The results of the single and multi-response optimization and ANOVA revealed different behaviors, implying that different tribological mechanisms might have been involved. In both the optimizations and ANOVA, grit size was the most influential parameter. This is attributed to the maximum inclination of the grit size compared to the load, distance, and speed. Similar results were obtained by Sahin [
22]. From the confirmatory test, it was found that there was performance enhancement (52%) in the GRG over the initial design parameters. This improvement is explained by the fact that the GRA has added its sterling optimization features to those of the Taguchi technique, which cannot deal with multiple outcomes simultaneously. This confirms the validity of the Taguchi technique coupled with GRA for studying the abrasive tribological performance of PTFE matrix composites.
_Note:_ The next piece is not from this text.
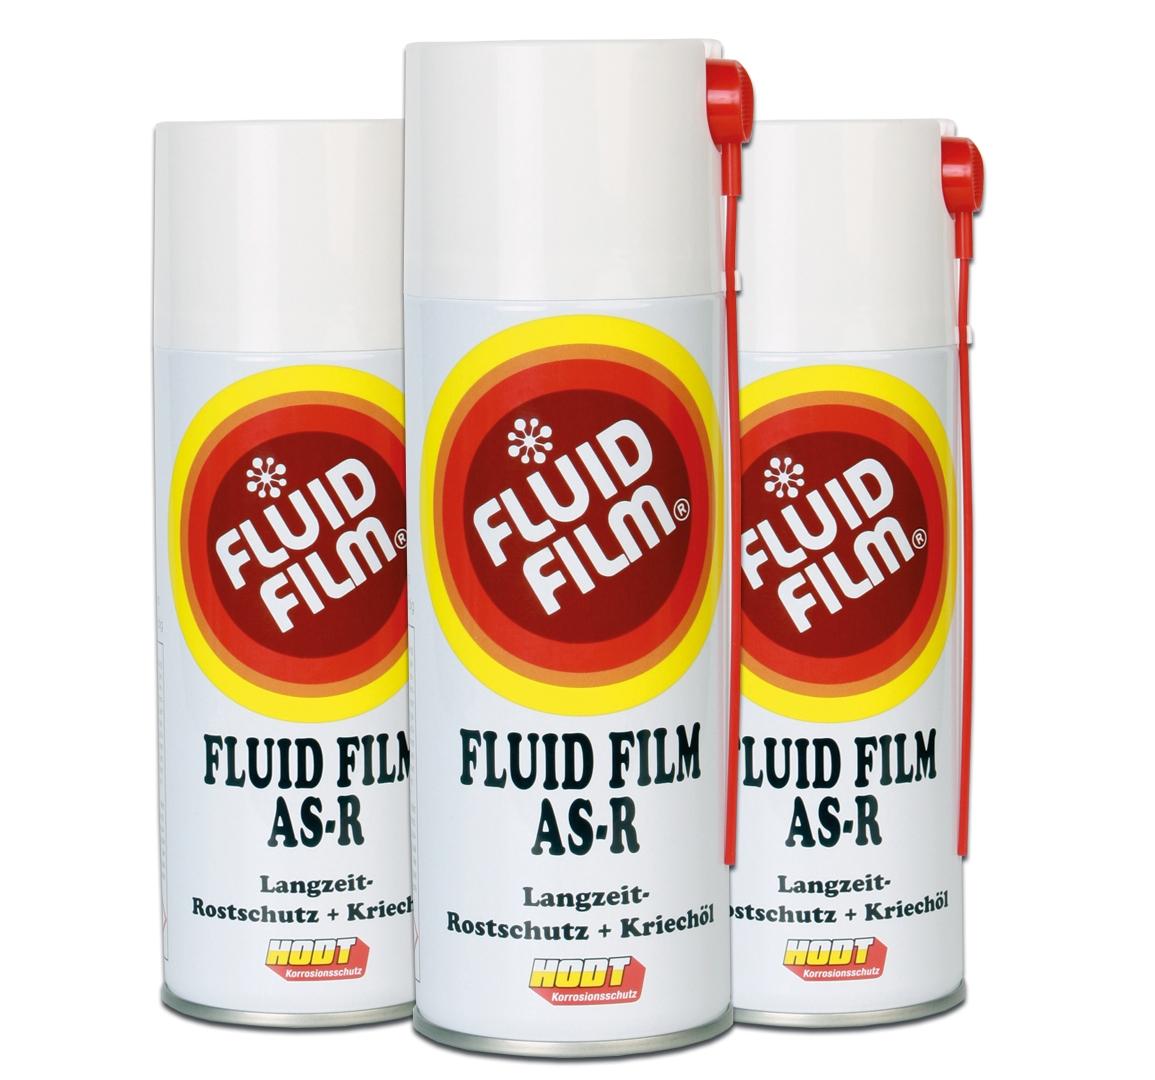 3 x Fluid Film AS-R + holleruimteslang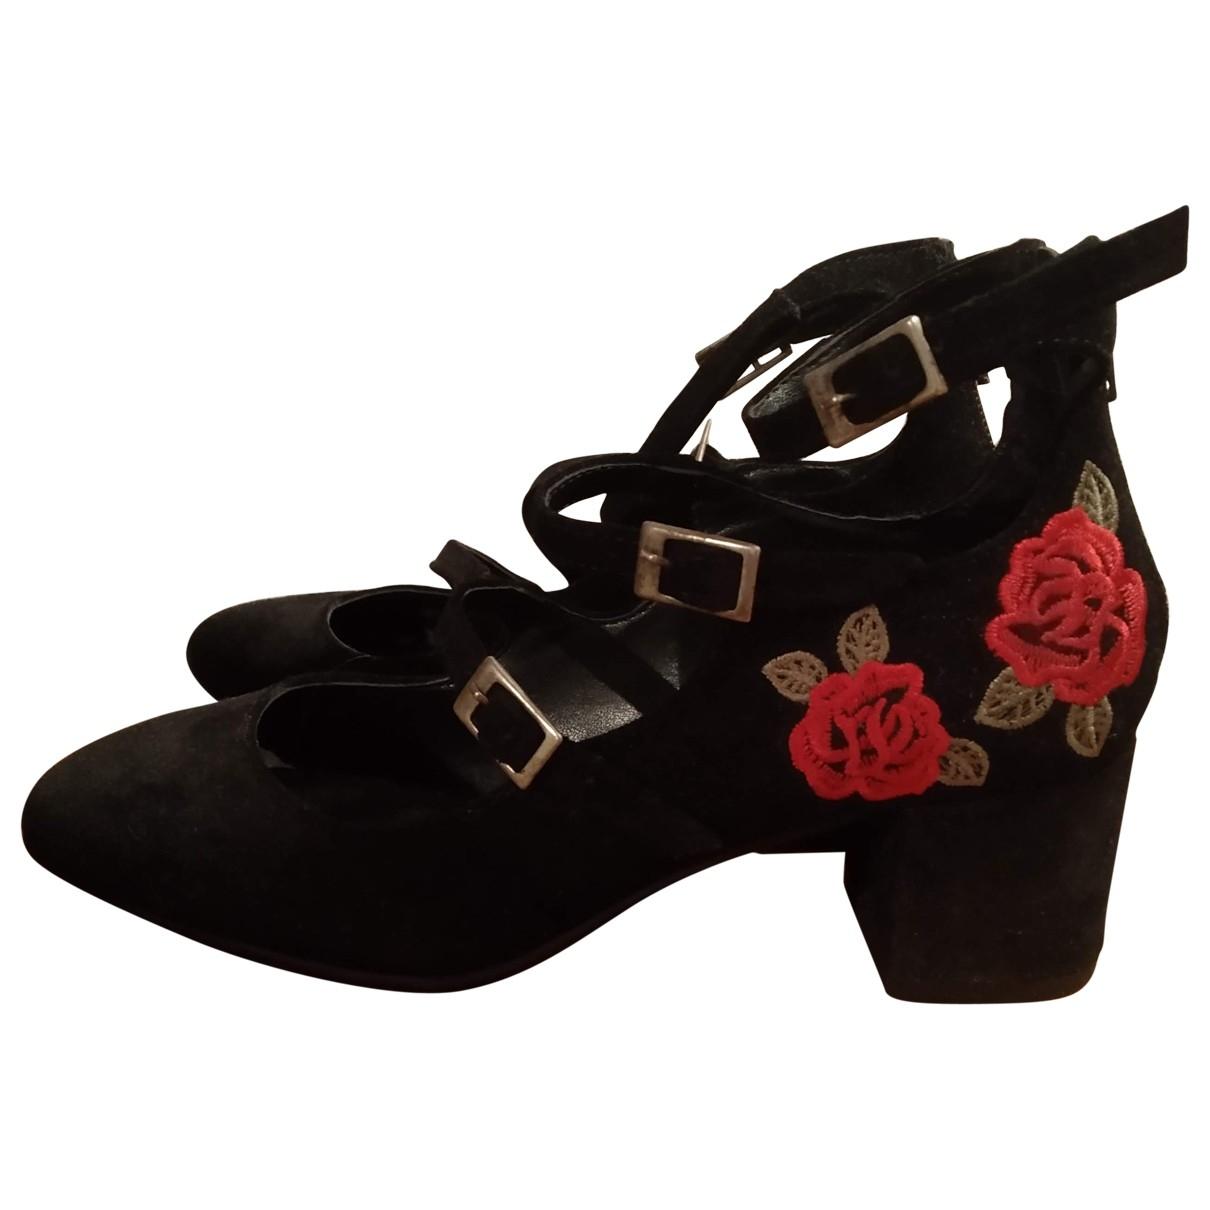 Steve Madden \N Black Suede Heels for Women 6.5 US

With respect to the prediction ability of the SVR, SVR–PSO, and SVR–HHO models, it was found that the SVR model was not good enough at calibrating and verifying the GRG of the PTFE matrix composites. The reason for the poor performance of the SVR model compared to its hybrids might be due to the highly complex and nonlinear nature of the data. Fundamentally, it should be considered that the promising prediction occurred in the course of the training phase, which is originally used to precisely measure the model based on known inputs and outputs. Nevertheless, the verification stage is significant in appraising the efficacy of the models, since it closely inspects the models’ prediction efficiency based upon unknown magnitudes. This advantage is not enjoyed by the training phase of the SVR model. Consequently, a robust model should possess a determinate and balanced performance in both its training and testing stages. In general, the optimization algorithms showed promising ability when compared with a single model. The exceptional performance of the hybrid models is attributed to their ability to reduce errors and complexities. The slightly higher performance of the SVR–HHO model in comparison to the SVR–PSO model related to its cooperative mechanism and hunting behavior. Furthermore, the R values of the models were determined to be > 80%, supporting the conclusions drawn by [
38,
48,
49] that values > 70% are considered acceptable. Consequently, the outcomes of all of the optimization models are acceptable (
Table 10). The predictive superiority of the HHO model over the others is in concordance with the results obtained by [
50].
In spite of the availability of ample metaheuristic models, there is no particular model that can guarantee consistent optimal performance in addressing various types of issues. Yet, the latest research on unique population-based and nature-inspired optimization paradigm (HHO) models indicated better adequacy in establishing optimal solutions to problems in multi-objective forms. The statistical analysis outcomes and comparisons revealed that the SVR–HHO model yielded promising and often competitive outcomes compared with well-established metaheuristic models.